- У тебя - никаких, досточтимый, ибо корабли не пострадали. У меня… Ну, у меня есть кое-какие потери… убитых - семьдесят два, да раненых почти столько же…
- Хей-хо! - Рука ОСпады вновь потянулась к горбу; спина его и поясница мучительно ныли, но за много лет он притерпелся к страданиям. - Хей-хо, тидам! Боюсь, всей твоей доли не хватит, чтобы рассчитаться с вдовами погибших… Что-то ты стал дешево ценить своих людей - по сотне чейни за голову!
- Видишь ли, мой ахау, этот корабль вез отряд тайонельских воинов - лучших, из людей самого светлорожденного Харада.
- А! Значит, кроме паршивых шкур и вонючего жира, там нашлось еще что-то ценное? - В выцветших глазках ОСпады мелькнуло любопытство.
- Погребальный челн Эйчида, младшего сына Харада. - Тидам ухмыльнулся. - Благородному сахему не повезло - он отправился в Одиссар, и там его сразил другой благородный сахем, из отпрысков Джеданны.
- Испытание кровью… - задумчиво протянул старый владыка. - Слышал я о таком их обычае, слышал…
О’Каймор пожал плечами:
- Нелепость, клянусь клювом Паннар-Са! Зачем юношам светлой крови выпускать друг другу кишки? Для доказательства своей доблести? Ну, так они могли бы придумать что-нибудь поумнее… скажем, отправиться в набег или…
Старик прервал тидама, махнув в его сторону рукой:
- Ты не понимаешь, О’Каймор. Тебе известно, что светлорожденные не похожи на прочих людей, но знание это мертво, ибо ты не прочувствовал его всем сердцем. Вот, гляди! - Властитель Ро’Кавары с усилием поднял тонкие руки. - Мне восемьдесят лет, кости мои грозят проткнуть кожу, суставы задубели, как панцирь черепахи, пальцы скрючены, плоть усохла, так что вешу я не больше ребенка… Человек же со светлой кровью в моем возрасте бодр и полон сил, и таким остается он и в девяносто, и в сто лет, а некоторые - и в сто двадцать. Рассказывают, что кое-кто из них доживает до двухсот… - О’Спада печально вздохнул и опустил руки. - Ну, и что из этого следует, как ты полагаешь?

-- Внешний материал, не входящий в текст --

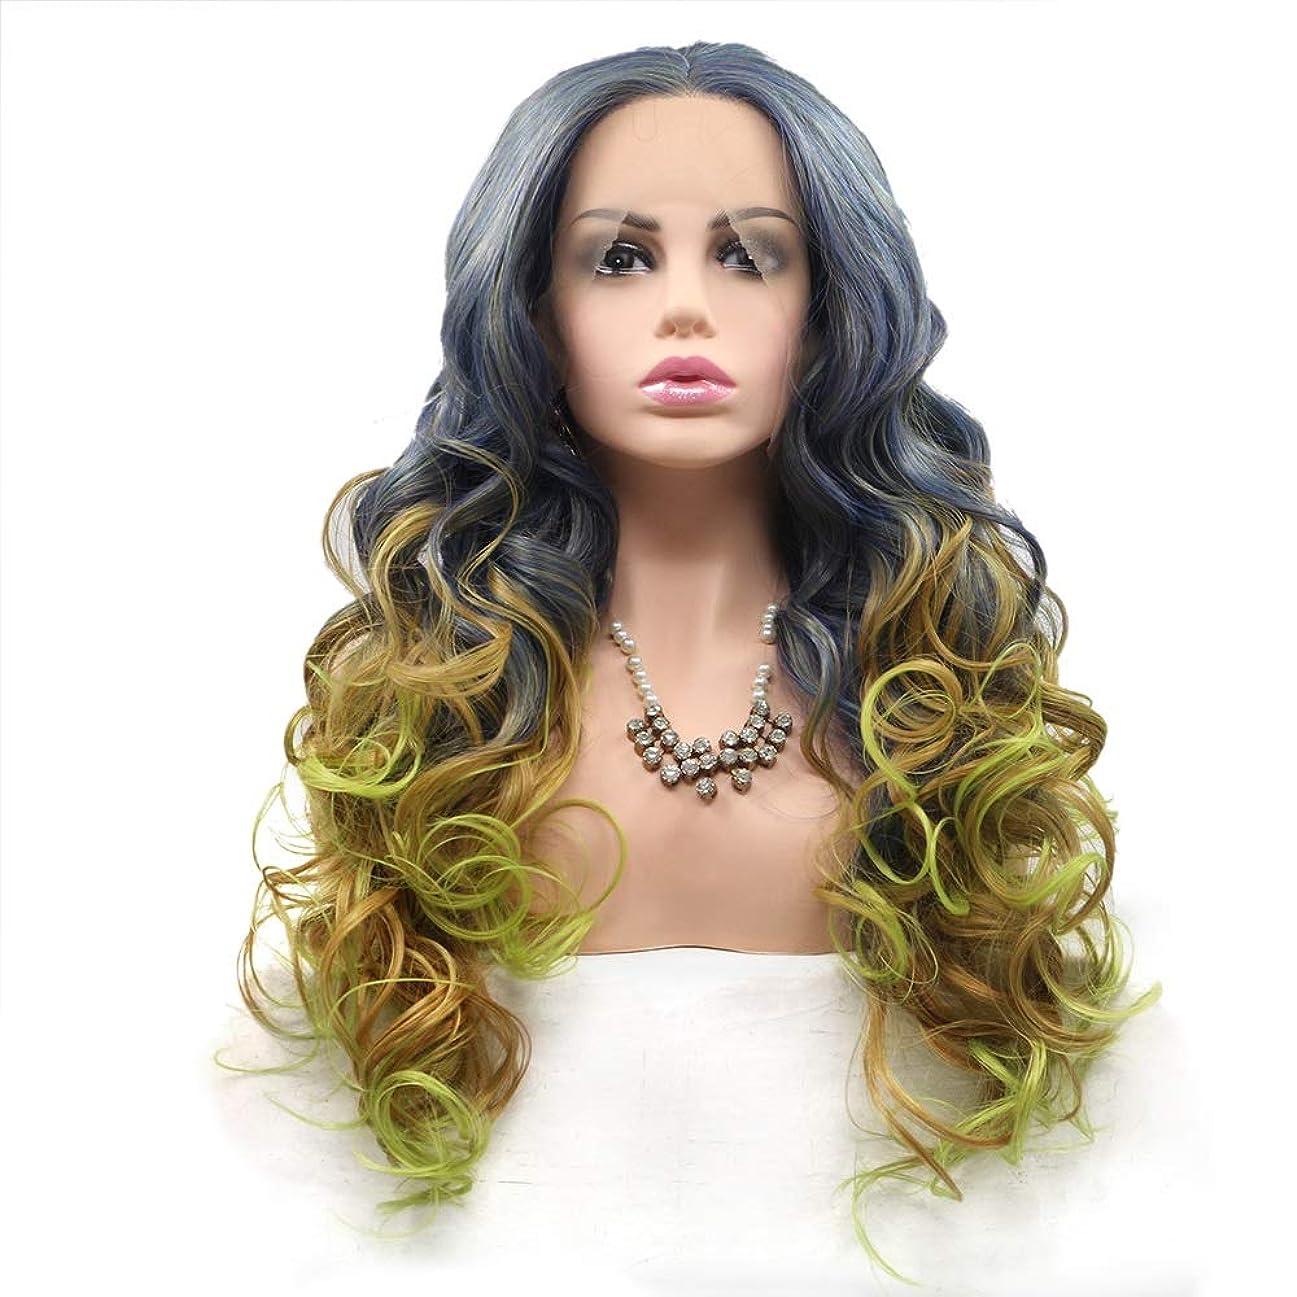 パッケージコンテンポラリーメロディアスZXF 染色された女性のヨーロッパとアメリカのかつらは化学繊維かつら髪セットの真ん中にセット - グリーン - 長い巻き毛 - グラデーション - 多色 美しい

О’Каймор в некоторой растерянности оглядел террасу, словно ответ мог скрываться где-то среди гладких навощенных досок пола или между деревянных колонн, что поддерживали кровлю. Но просторная терраса была пуста; на ней лежало несколько тростниковых циновок, да позади - там, где высились стрельчатые арки дворца, облицованные разноцветной майоликой, - маячили фигуры полуголых стражей.
Наконец тидам выдавил:
- Я думаю, что светлорожденные в зрелом возрасте очень мудры… столь же мудры, как ты, мой ахау… Я не раз размышлял об этом и решил, что власть их над людьми велика, а опыт, знание жизни и близость к богам внушают страх. Я и сам…

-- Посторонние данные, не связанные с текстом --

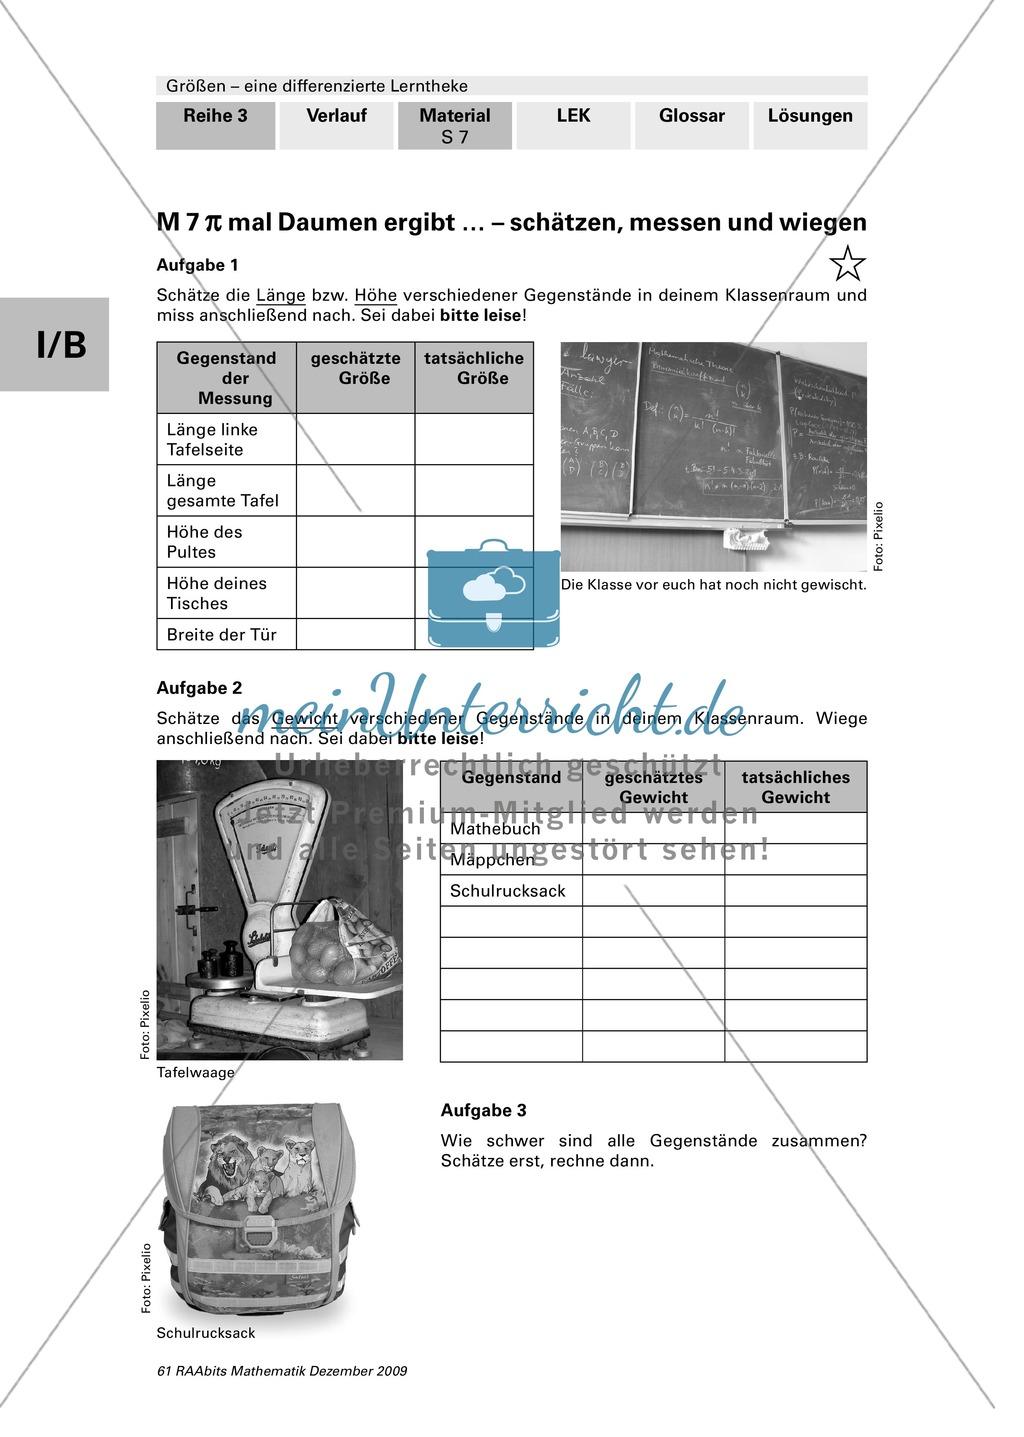 Luxury Differenzierte Mathematik Arbeitsblatt Images - Kindergarten ...

- Ты,- сын черепахи, О’Каймор, ибо в мыслях своих ничем не отличаешься от суеверного погонщика быков! Ты говоришь, что светлорожденные мудры, а перед тем удивлялся нелепости их обычаев! - Ладонь старика, похожая на крабью клешню, легла на переплет книги. Некоторое время он, раздраженно кривясь, рассматривал ее, потом поднял глаза на тидама. - Да, они живут долго, но они - люди, и есть среди них умные и глупые, жадные и щедрые, властолюбивые и бескорыстные… Но сейчас я хочу сказать о другом: их сагаморы правят много десятилетий, и у них много сыновей, очень много, О’Каймор. Наследником же считается не старший, а младший, кому стукнуло двадцать, - коли он прошел испытание кровью. Неужели ты и сейчас ничего не понимаешь, потомок ящерицы?
О’Каймор с виноватым видом покачал головой.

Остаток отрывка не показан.